This function should never be called directly by the user. Instead, the user should define a DAG object using the empty_dag and node_td functions and set the type argument inside of a node_td call to "time_to_event". This DAG can be passed to the sim_discrete_time function to generate the desired data. Many examples and more explanations are given below and in the vignettes of this package.

What can be done with it:

This type of node naturally supports the implementation of terminal and recurrent events that may be influenced by pretty much anything. By specifying the parents and prob_fun arguments correctly, it is possible to create an event type that is dependent on past events of itself or other time-to-event variables and other variables in general. The user can include any amount of these nodes in their simulation. It may also be used to simulate any kind of binary time-dependent variable that one would usually not associate with the name "event" as well. It is very flexible, but it does require the user to do some coding by themselves (e.g. creating a suitable function for the prob_fun argument).
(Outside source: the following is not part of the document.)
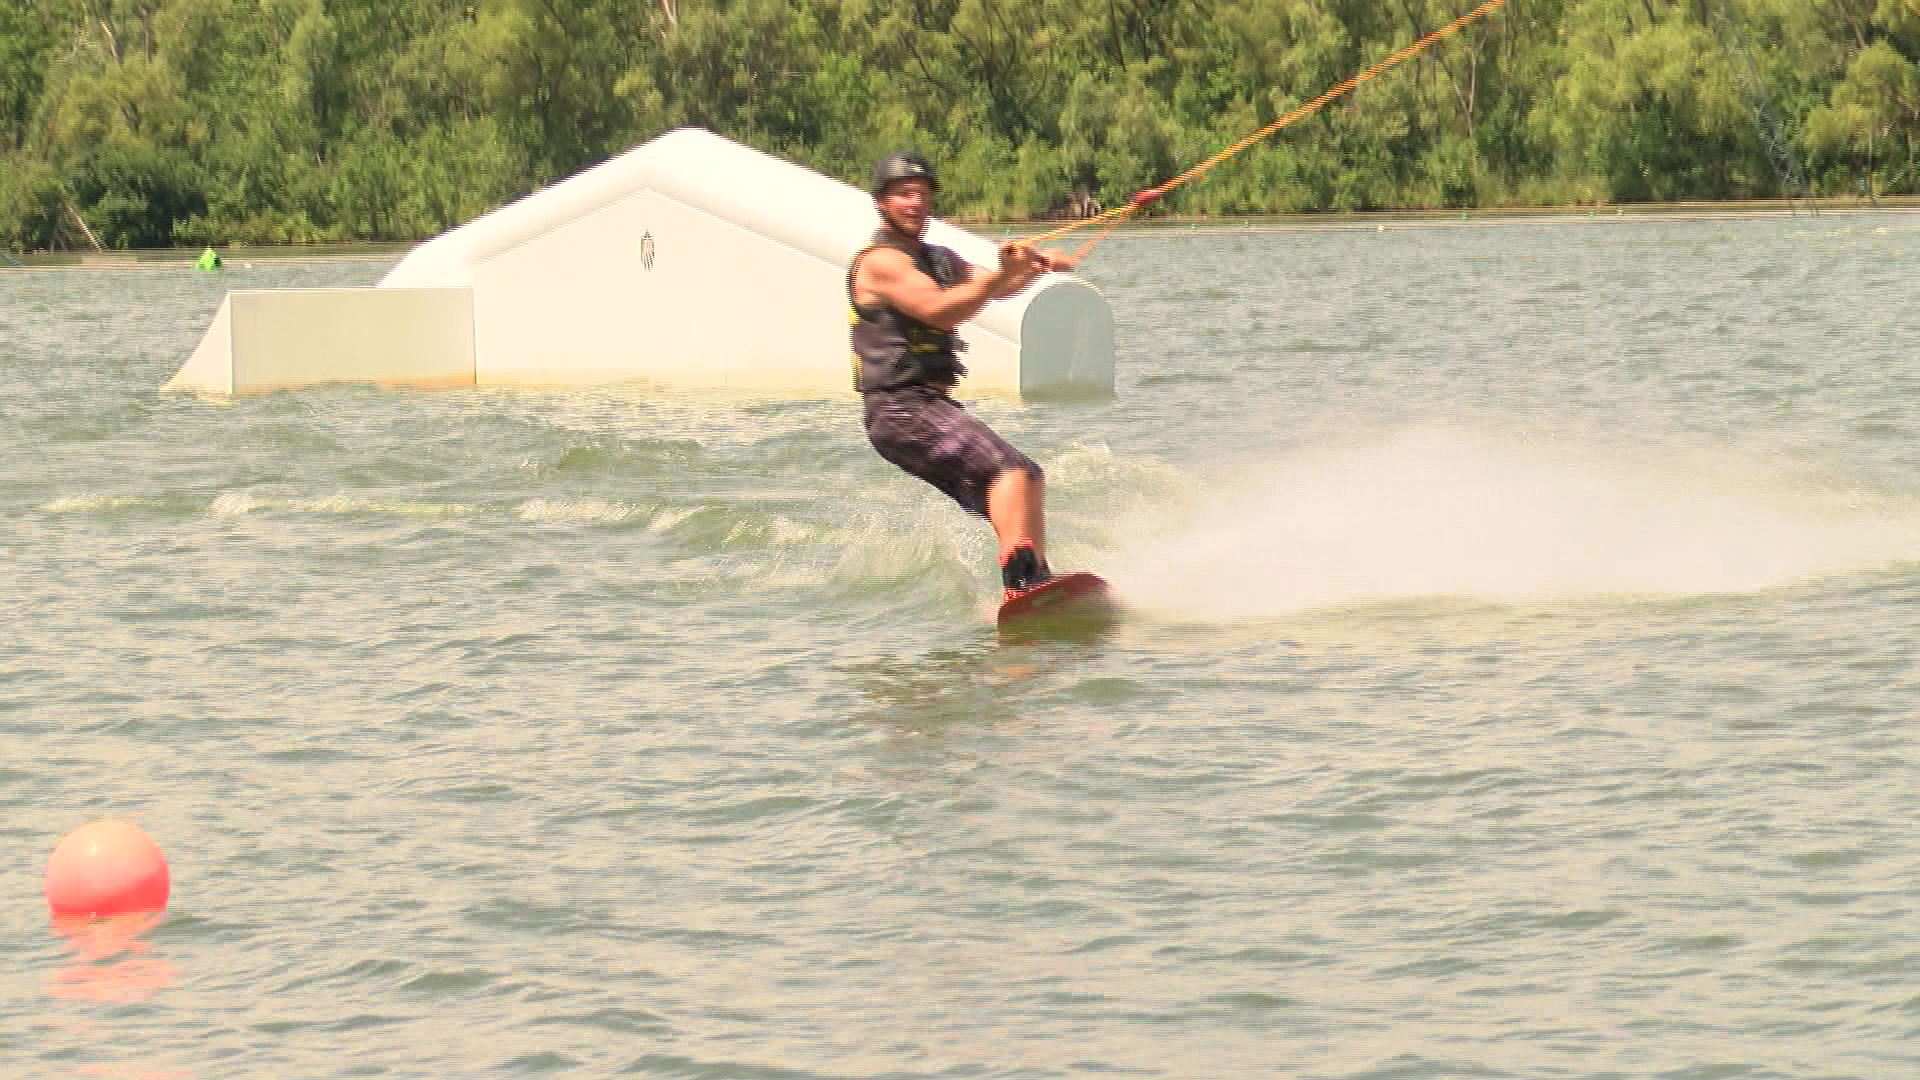 wakeboarder_1469395096879.jpg

What can't be done with it:

Currently this function only allows binary events. Categorical event types may be implemented using the node_competing_events function, which works in a very similar fashion.

Author

Robin Denz, Katharina Meiszl

Value

Returns a data.table containing at least two columns with updated values of the node.

Note

This function cannot be called outside of the sim_discrete_time function. It only makes sense to use it as a type in a node_td function call, as described in the documentation and vignettes.

Examples

library(simDAG)

## a simple terminal time-to-event node, with a constant probability of
## occurrence, independent of any other variable
dag <- empty_dag() +
  node_td("death", type="time_to_event", prob_fun=0.0001,
          event_duration=Inf)

## a simple recurrent time-to-event node with a constant probability of
## occurrence, independent of any other variable
dag <- empty_dag() +
  node_td("car_crash", type="time_to_event", prob_fun=0.001, event_duration=1)

## a time-to-event node with a time-dependent probability function that
## has an additional argument
prob_car_crash <- function(data, sim_time, base_p) {
  return(base_p + sim_time * 0.0001)
}

dag <- empty_dag() +
  node_td("car_crash", type="time_to_event", prob_fun=prob_car_crash,
          event_duration=1, base_p=0.0001)

## a time-to-event node with a probability function dependent on a
## time-fixed variable
prob_car_crash <- function(data) {
  ifelse(data$sex==1, 0.001, 0.01)
}

dag <- empty_dag() +
  node("sex", type="rbernoulli", p=0.5) +
  node_td("car_crash", type="time_to_event", prob_fun=prob_car_crash,
          parents="sex")

## a little more complex car crash simulation, where the probability for
## a car crash is dependent on the sex, and the probability of death is
## highly increased for 3 days after a car crash happened
prob_car_crash <- function(data) {
  ifelse(data$sex==1, 0.001, 0.01)
}

prob_death <- function(data) {
  ifelse(data$car_crash_event, 0.1, 0.0001)
}

dag <- empty_dag() +
  node("sex", type="rbernoulli", p=0.5) +
  node_td("car_crash", type="time_to_event", prob_fun=prob_car_crash,
          parents="sex") +
  node_td("death", type="time_to_event", prob_fun=prob_death,
          parents="car_crash_event")

# use the sim_discrete_time function to simulate data from one of these DAGs:
sim <- sim_discrete_time(dag, n_sim=20, max_t=500)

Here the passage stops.